How to find character locations of a string in a file?

In current versions of Perl, you can use the @- and @+ magic arrays to get the positions of the matches of the whole regex and any possible capture groups. The zeroth element of both arrays holds the indexes related to the whole substring, so $-[0] is the one you are interested in.

As a one-liner:

$ echo 'aöæaæaæa' | perl -CSDLA -ne 'BEGIN { $pattern = shift }; printf "%d\n", $-[0] while $_ =~ m/$pattern/g;'  æa
2
4
6

Or a full script:

#!/usr/bin/perl

use strict;
use warnings;
use utf8;
use Encode;
use open  ":encoding(utf8)";
undef $/;
my $pattern = decode_utf8(shift);
binmode STDIN, ":utf8";
while (<STDIN>) {
    printf "%d\n", $-[0] while $_ =~ m/$pattern/g;
}

e.g.

$ echo 'aöæaæaæa' | perl match.pl æa -
2
4
6

(The latter script only works for stdin.

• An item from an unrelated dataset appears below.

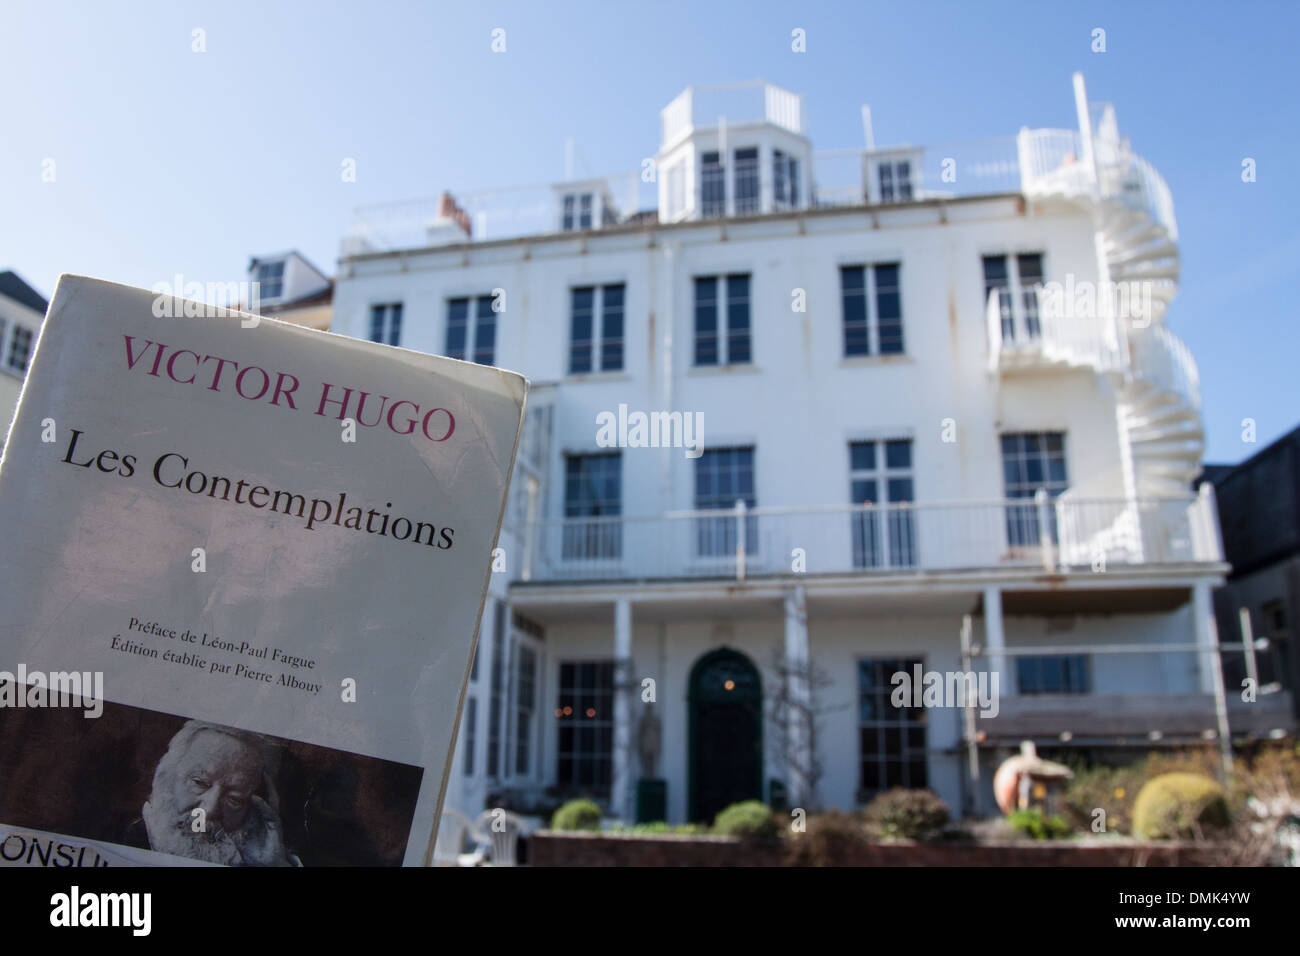 HAUTEVILLE HOUSE, casa acquistata da Victor Hugo grazie al successo del suo lavoro "Les contemplations'Äô e dove ha vissuto durante il suo esilio, Guernsey, ISOLE DEL CANALE Foto Stock

I seem to trouble forcing Perl to treat all files as UTF-8.)


With zsh:

set -o extendedglob # for (#m) which in patterns causes the matched portion to be
                    # made available in $MATCH and the offset (1-based) in $MBEGIN
                    # (and causes the expansion of the replacement in
                    # ${var//pattern/replacement} to be deferred to the
                    # time of replacement)

haystack=aöæaæaæa
needle=æ

offsets=() i=0
: ${haystack//(#m)$needle/$((offsets[++i] = MBEGIN - 1))}
print -l $offsets

With GNU awk or any other POSIX compliant awk implementation (not mawk), and correct locale set:

$ LANG='en_US.UTF-8' gawk -v pat='æa' -- '
{
    s = $0;
    pos = 0;
    while (match(s, pat)) {
        pos += RSTART-1;
        print "file", FILENAME ": line", FNR, "position", pos, "matched", substr(s, RSTART, RLENGTH);
        pos += RLENGTH;
        s = substr(s, RSTART+RLENGTH);
    }
}
' <<<'aöæaæaæa'
file -: line 1 position 2 matched æa
file -: line 1 position 4 matched æa
file -: line 1 position 6 matched æa
$

The pattern indicated in the -v pat argument to gawk can be any valid regular expression.